What happens is something quite splendid. Vicki spins her way though extravagant set after extravagant set with fiery grace, and eventually--as the Hans Christian Anderson fairy tale of "The Red Shoes" goes--dances herself to death. I'm not usually drawn to classical ballet, but I found much to admire in the intense physicality of the performance here. I also see why Powell and Pressbuger were so drawn, and why they wanted to detail ballet so thoroughly. Like cinema, it's a compound art form that places attention on movement, aesthetics, and music. Also like cinema, it was misunderstood for much of the early 20th century (Dhiagilev, the model for Lermontov, brought ballet back with the Ballets Russes in the 1910s). As one character says in the film "some of us think of ballet as a rather second rate art form." But most importantly, it's the perfect canvas for the tale of passion and obsession that P & P are so intrigued by. If dance replaces the religion and spirituality of Black Narcissus as the battleground where the rational and the irrational clash, it's because dance--for those who practice it--is a religion.
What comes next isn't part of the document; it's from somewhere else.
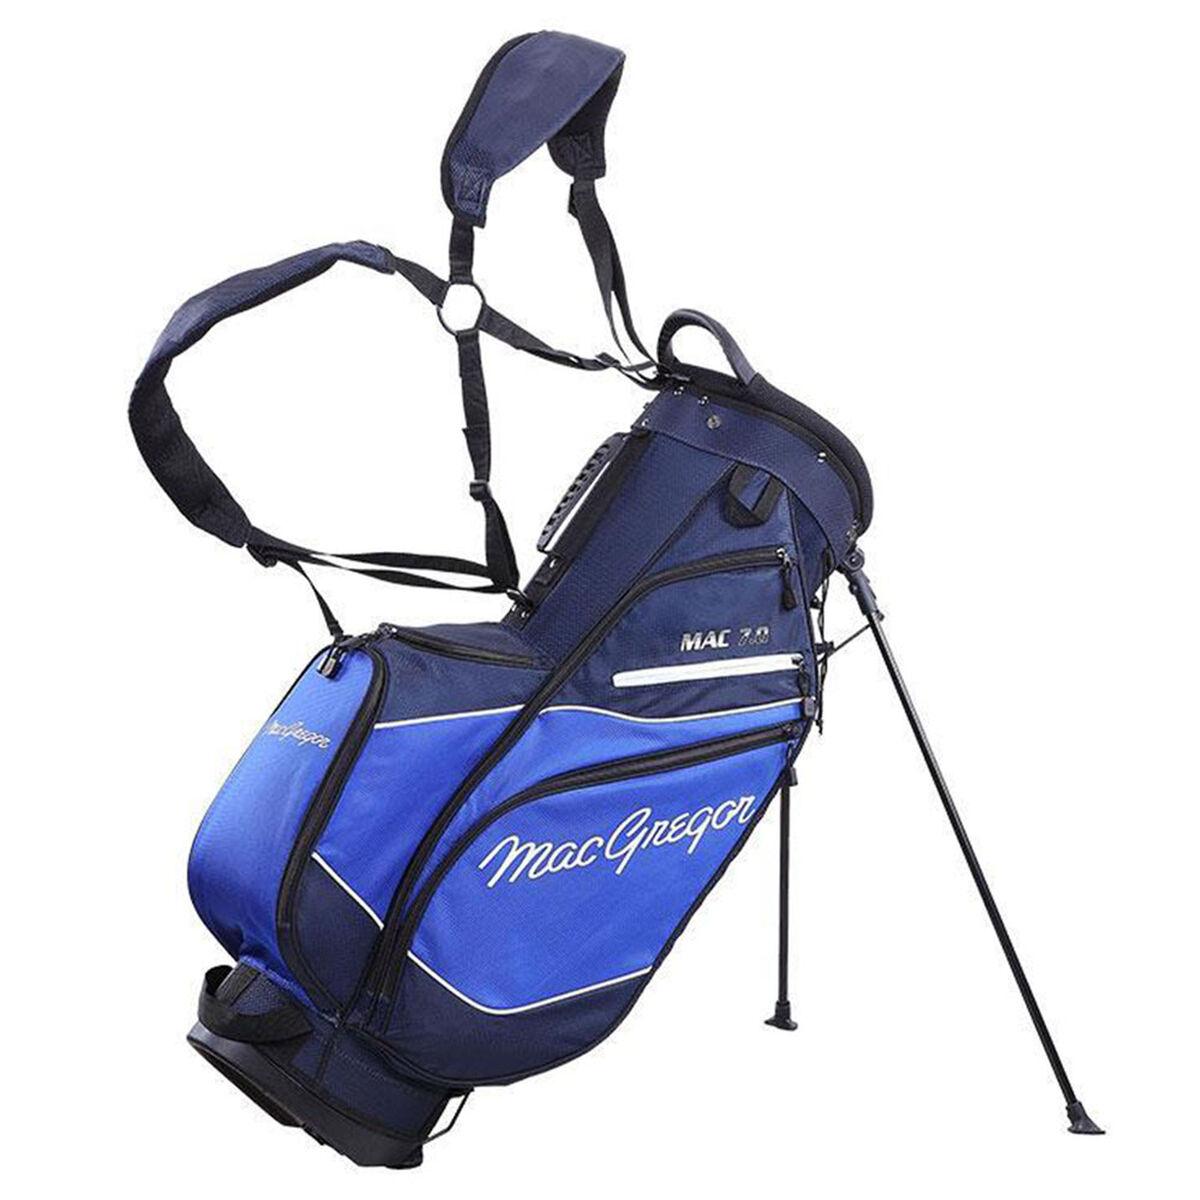 MacGregor MAC 7.0 Golf Stand Bag, Navy/royal   American Golf

Unsurprisingly given the similarities in the theme and plot of these two movies, The Red Shoes falls prey to the same mistakes that plagued Black Narcissus. The majority of the film is so mild-mannered-- reserved, yet sparkling with wit and subdued eroticism--that the intensity of the actual climax is overwrought and not entirely convincing. But the film is a delight to watch, and with books about Dhiagilev making an entrance into the literary world and with Black Swan tearing up screens across America, it's as relevant as ever. There may not have been any riot to get into the showing I attended (just a few grumbles from the docile and scholarly crowd when the ticket seller didn't show up in time) but The Red Shoes is definitely something to get excited about.
P.S. Like The Leopard, this is one of Martin Scorsese's favorite movies of all time.